Conversely the story of a nine-year-old watching her father murdered while she and her mother were gang raped and her brothers abducted to be ‘soldiers’ is not comfortably watched. The issue is difficult, complex and dark.

The exact number of women and girls who have experienced sexual abuse in the DRC is not known. In 2008, the United Nations Population Fund reported 15,996 registered cases of sexual violence across the country. And 65 per cent of those were children, the majority girls – 10 per cent were under the age of 10.

It’s widely accepted, however, that the majority of victims don’t report the attack meaning actual numbers are significantly higher. Victims know their chances at justice are slim; they fear rejection by their families and face expulsion from their communities.

Young girls who have been raped face not only the immediate physical and emotional consequences but the stigma that permanently affects their futures. Nicholas Kristof, a reporter with the New York Times, spoke with a village chief in the east of the country who said that the typical price for a bride in the region is 20 goats. If she’s been raped, however, the price is two goats, at most. Married women who are raped are regularly abandoned and divorced by their husbands. Men simply don’t want women who have been raped.

The issue isn’t restricted to the DRC. It is estimated that during Liberia’s 14-year civil war (1989-2003) as many as 75per cent of women were raped, many more than once. The majority of Tutsi women who survived the genocide in Rwanda were raped, raped with objects, held in sexual slavery or sexually mutilated. A 2009 survey of women who fled to refugee camps in Chad to escape violence in Darfur found that one third reported or showed signs of rape, though again numbers are thought to be higher. The statistics are appallingly similar in Sierra Leone, Uganda, Central African Republic, South Africa and elsewhere.

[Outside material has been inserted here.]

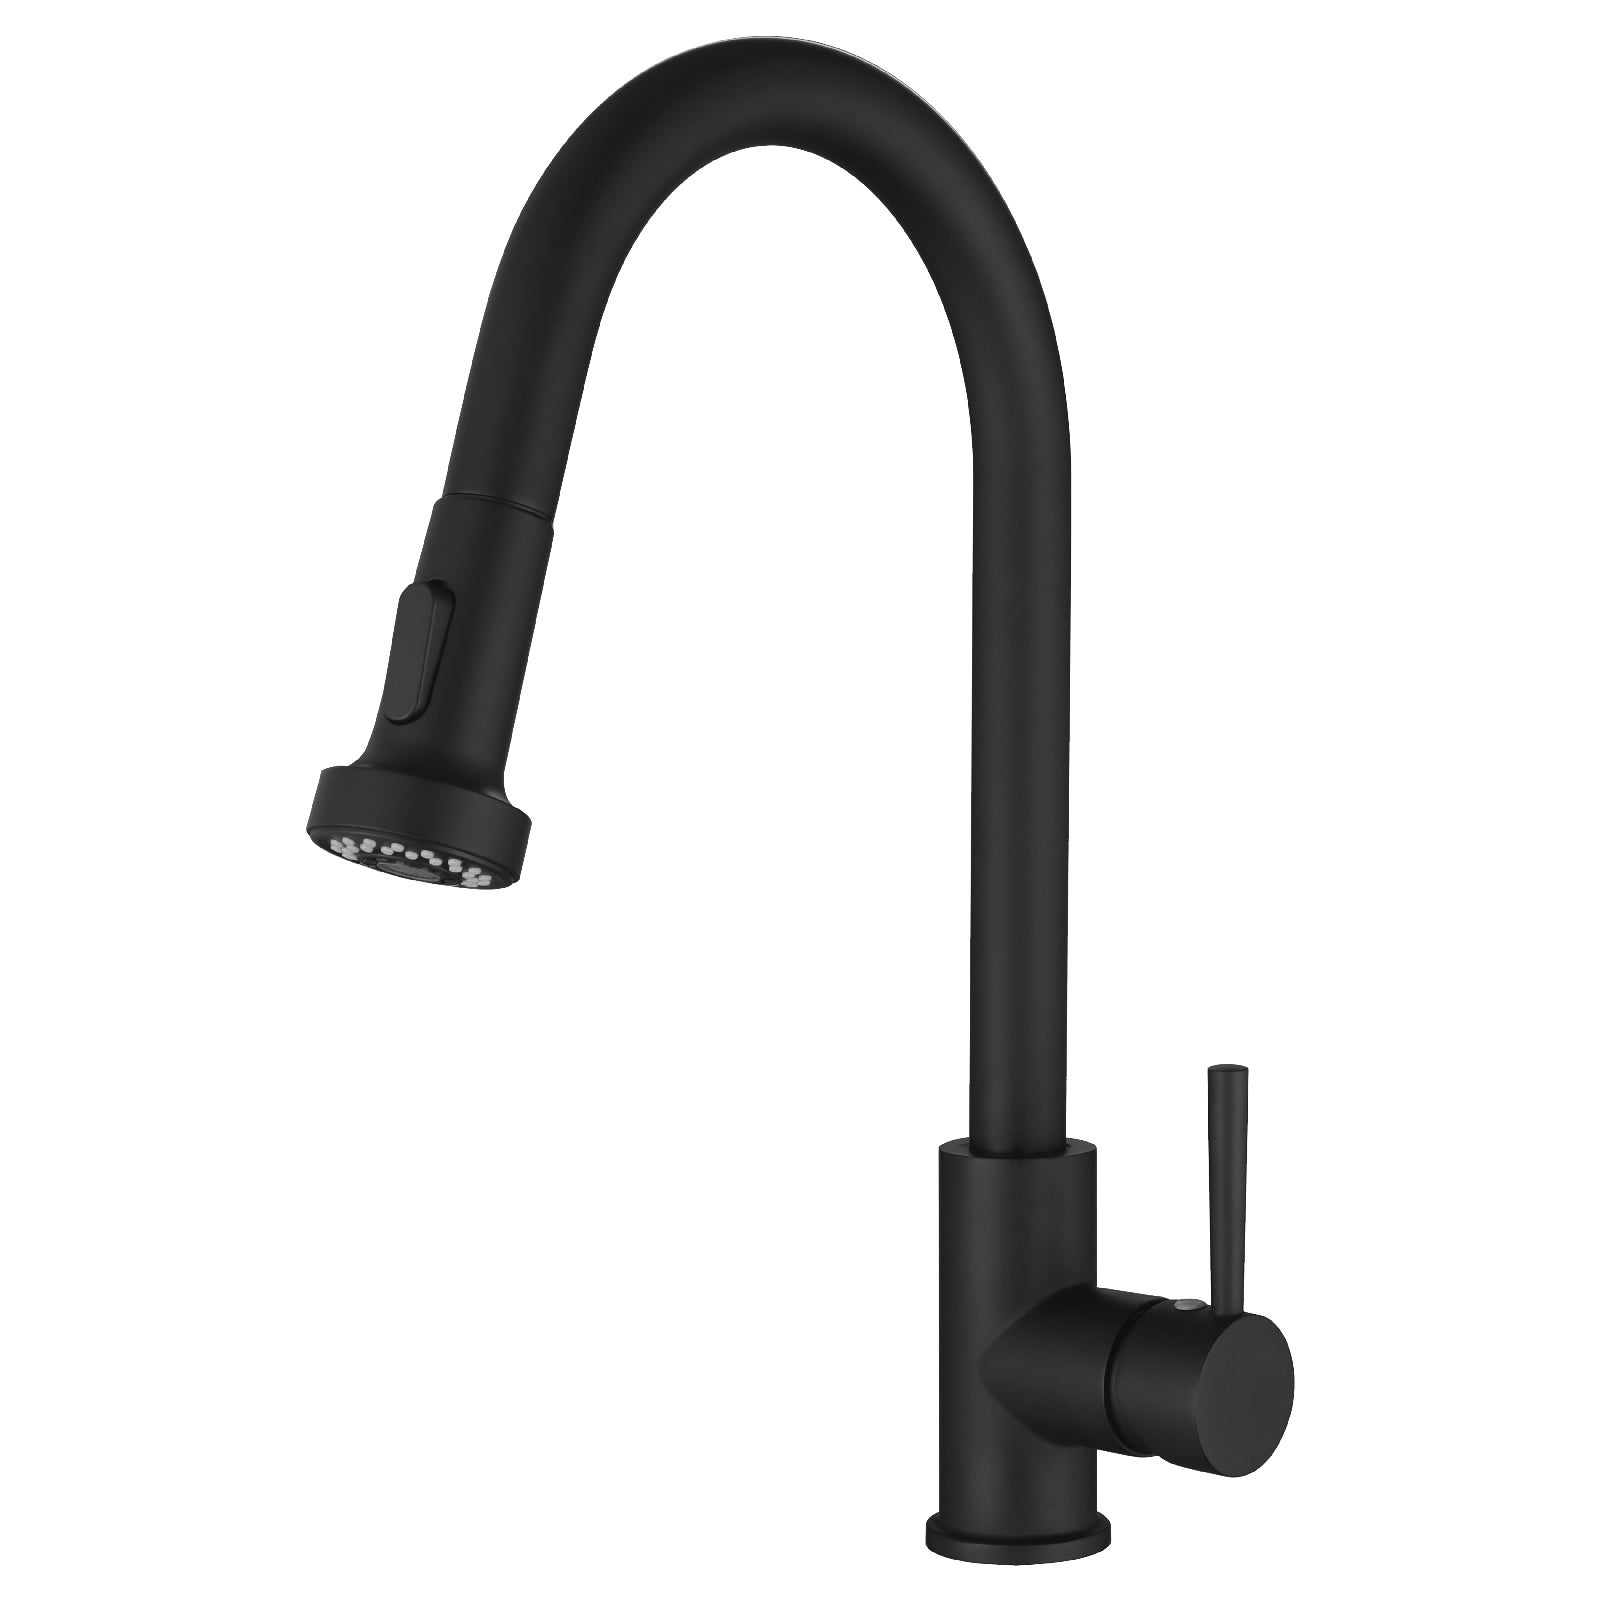 Decaura Pull Out Kitchen Mixer Tap Black Basin Taps Faucet Swivel Spout Brass 2-Way

The numbers are shocking. So is the lack of public outcry.

When the earthquake hit Haiti the media couldn’t get there fast enough to photograph the destruction, the bodies, and the death. Ditto the tsunami. The global public demanded action. Celebrities held telethons. Millions of dollars were raised seemingly overnight.

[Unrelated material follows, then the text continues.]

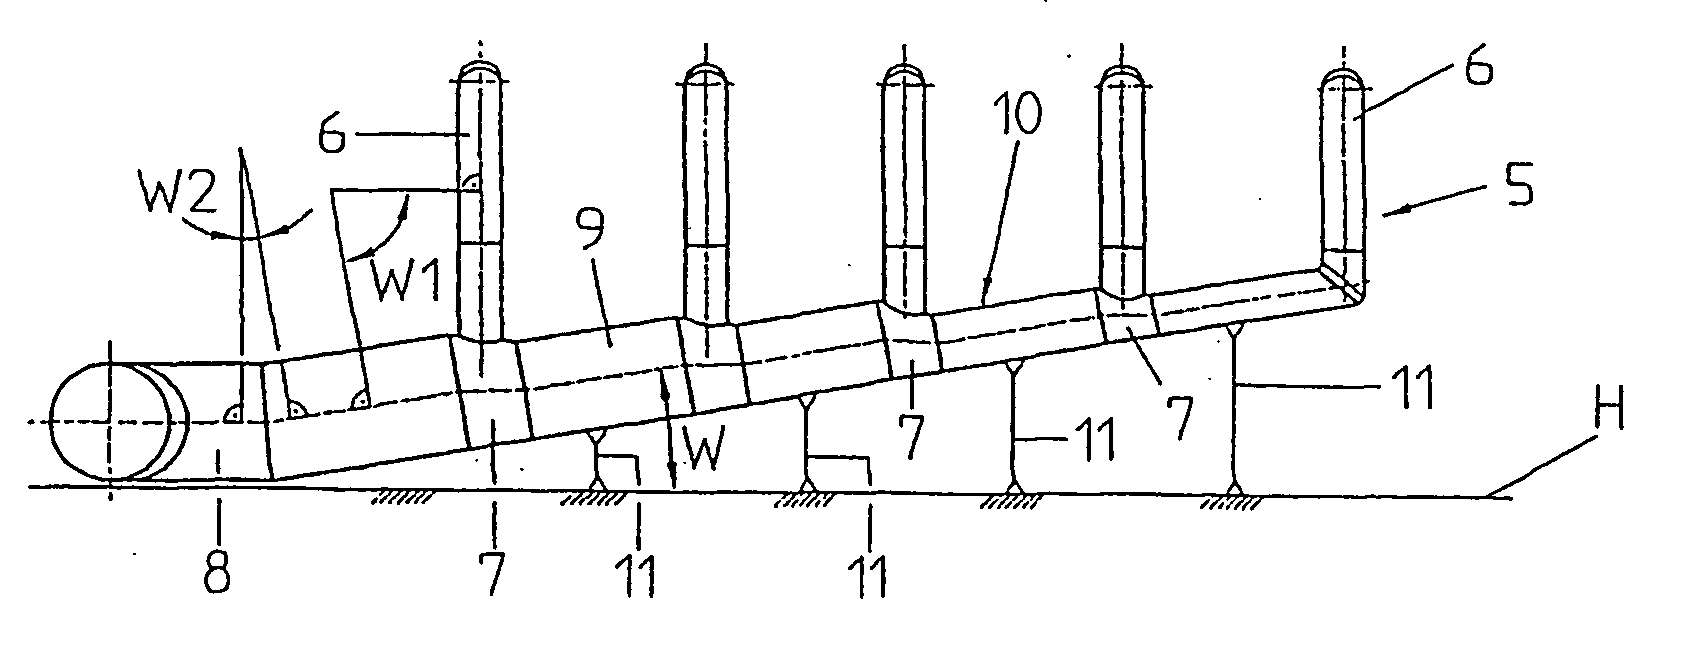 Exhaust-steam pipeline for a steam power plant

If these crises showed the world’s ability for aid and compassion at its best, addressing rape as a weapon of war shows us at our worst. Nicholas Kristof writes of the DRC: ‘...no humanitarian crisis generates so little attention per million corpses, or such a pathetic international response.’

And there’s no simple answer as to why this is.

Perhaps we think the problem is just too big, there are too many people affected in too many countries and we don’t know where to start. Maybe it’s that the issue is too dark. Hearing stories of women raped and re-raped with foreign objects by boys young enough to be their grandchildren is too uncomfortable. It’s incredibly easy to change the channel, put down the newspaper or turn off the computer. Perhaps it’s that we increasingly value solutions that are easy and fast – give $50 now and save a baby gorilla.

The scope of the problem is huge. The stories are dark. The solution is neither easy nor fast. But these are exactly the reasons why we must do something.

Addressing the issue is, and will continue to be, complex. It requires the immediate provision of additional resources and services for victims; far more than are currently available. It requires long-term approaches to addressing the root causes of gender inequality. It requires putting pressure on governments to efficiently and adequately punish perpetrators. It requires working with local communities to reduce stigma so that victims feel able to speak up. It requires a stronger, more concerted international approach. It requires a global public that cares.

We need to show victims that we’re hearing their stories. We must show that we’re paying attention and demanding action. It’s time to let victims know that we will no longer ignore them; that we’re as interested in helping them as we are Haiti. As we are tsunami victims. As we are gorillas.

* Nikki Whaites is the international program consultant at The Leprosy Mission Canada (TLMC). This article is part of the Gender Links Opinion and Commentary Service which offers fresh views on everyday news.